Adapting a Language Model While Preserving its General Knowledge
This addresses the issue of knowledge loss during domain adaptation for language models, which is incremental but important for applications requiring both general and specialized knowledge.
The paper tackles the problem of domain-adaptive pre-training for language models, which can degrade general knowledge, by proposing a method that soft-masks attention heads and uses contrastive learning to preserve general knowledge while integrating domain-specific knowledge, resulting in improved performance on end-tasks.

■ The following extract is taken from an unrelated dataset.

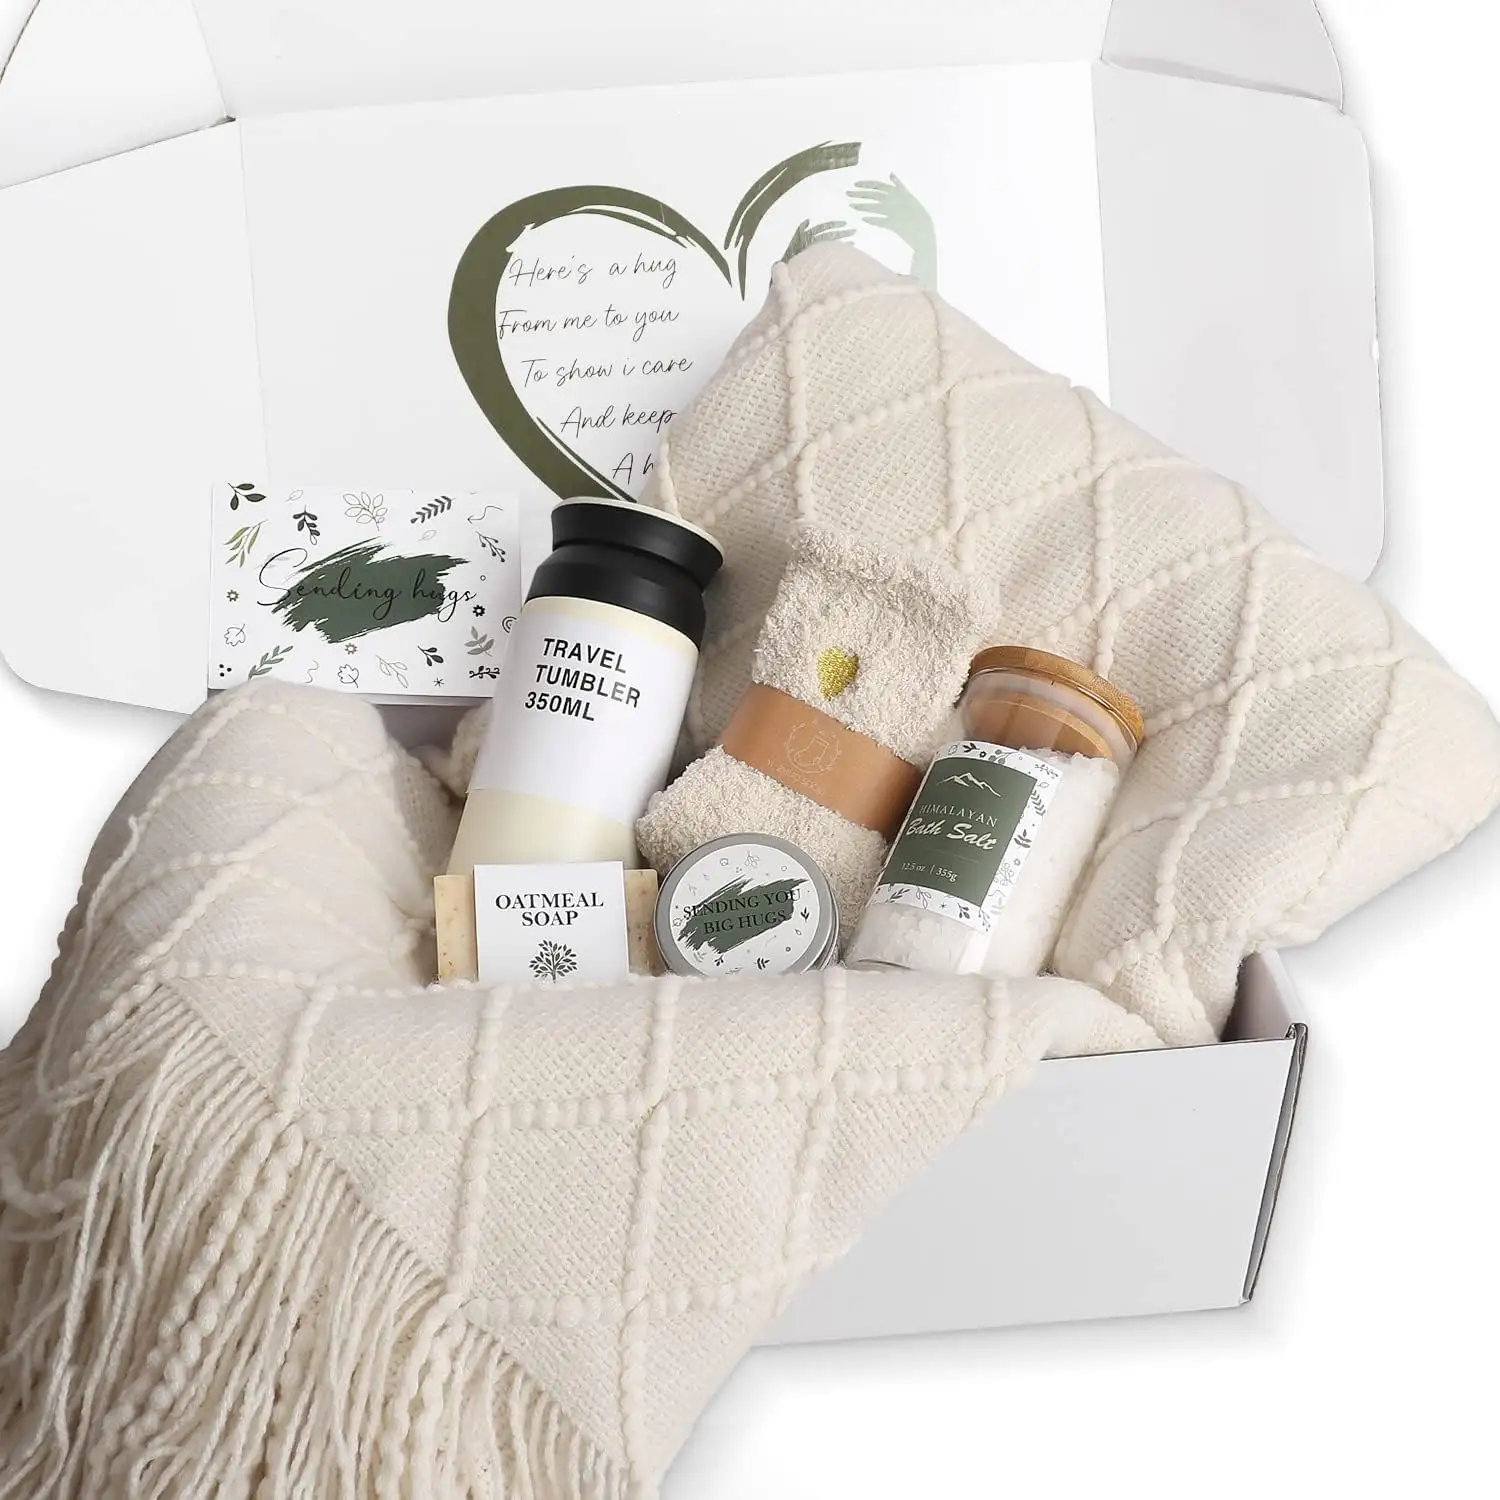 Set regalo antistress di nuovo stile per le donne con candele profumate sali da bagno di sapone e calzini morbidi personalizzati per fare bene il regalo presto
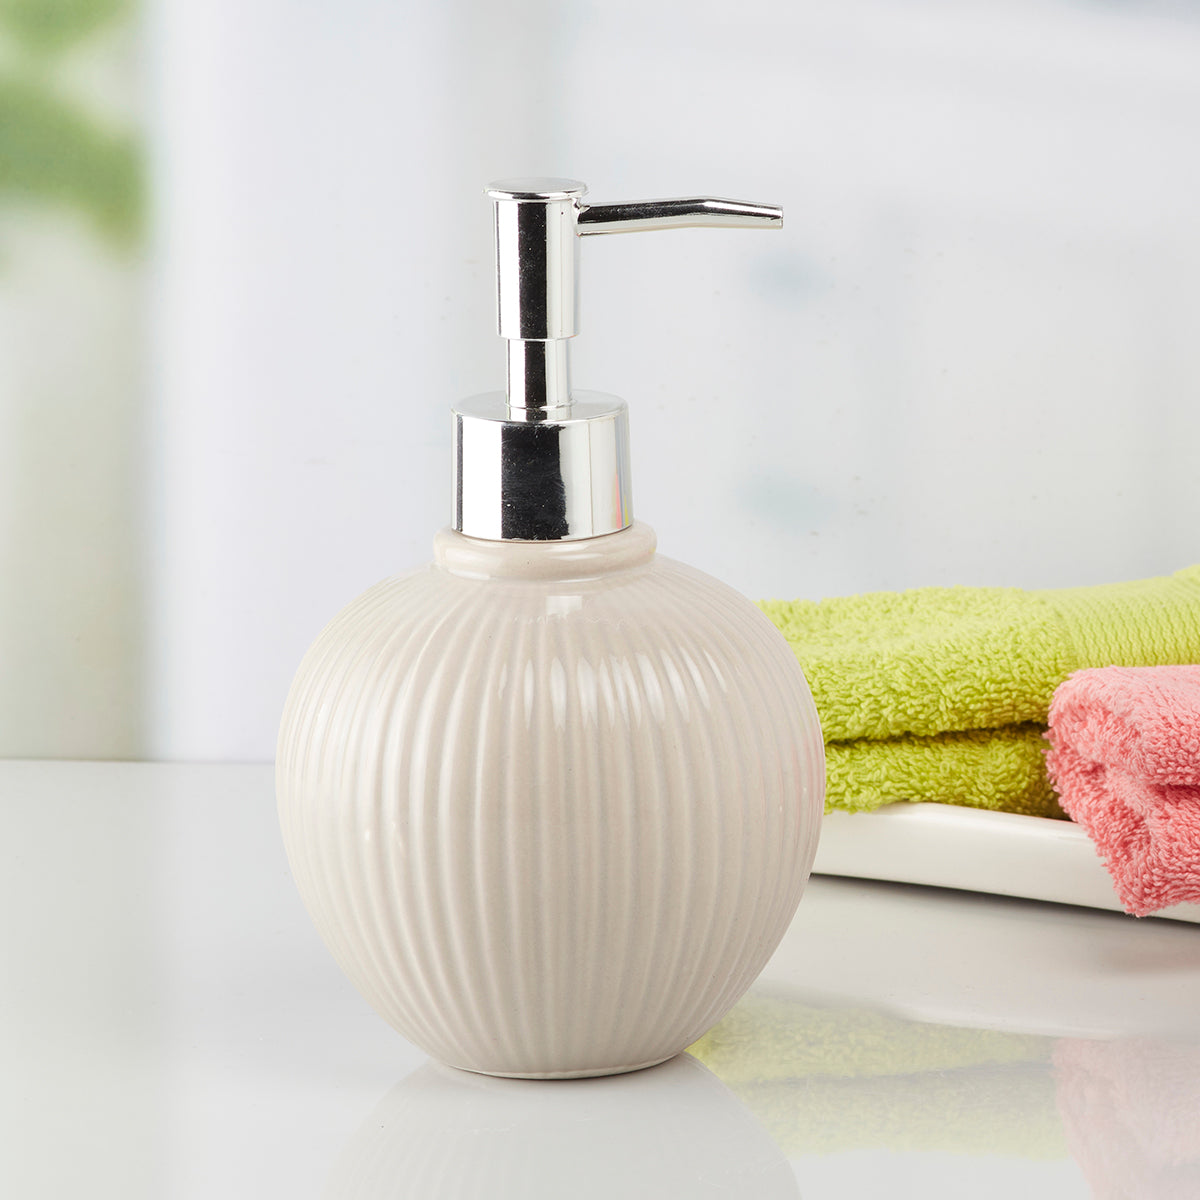 Kookee Ceramic Soap Dispenser for Bathroom handwash, refillable pump bottle for Kitchen hand wash basin, Set of 1, Beige (8050)

Domain-adaptive pre-training (or DA-training for short), also known as post-training, aims to train a pre-trained general-purpose language model (LM) using an unlabeled corpus of a particular domain to adapt the LM so that end-tasks in the domain can give improved performances. However, existing DA-training methods are in some sense blind as they do not explicitly identify what knowledge in the LM should be preserved and what should be changed by the domain corpus. This paper shows that the existing methods are suboptimal and proposes a novel method to perform a more informed adaptation of the knowledge in the LM by (1) soft-masking the attention heads based on their importance to best preserve the general knowledge in the LM and (2) contrasting the representations of the general and the full (both general and domain knowledge) to learn an integrated representation with both general and domain-specific knowledge. Experimental results will demonstrate the effectiveness of the proposed approach.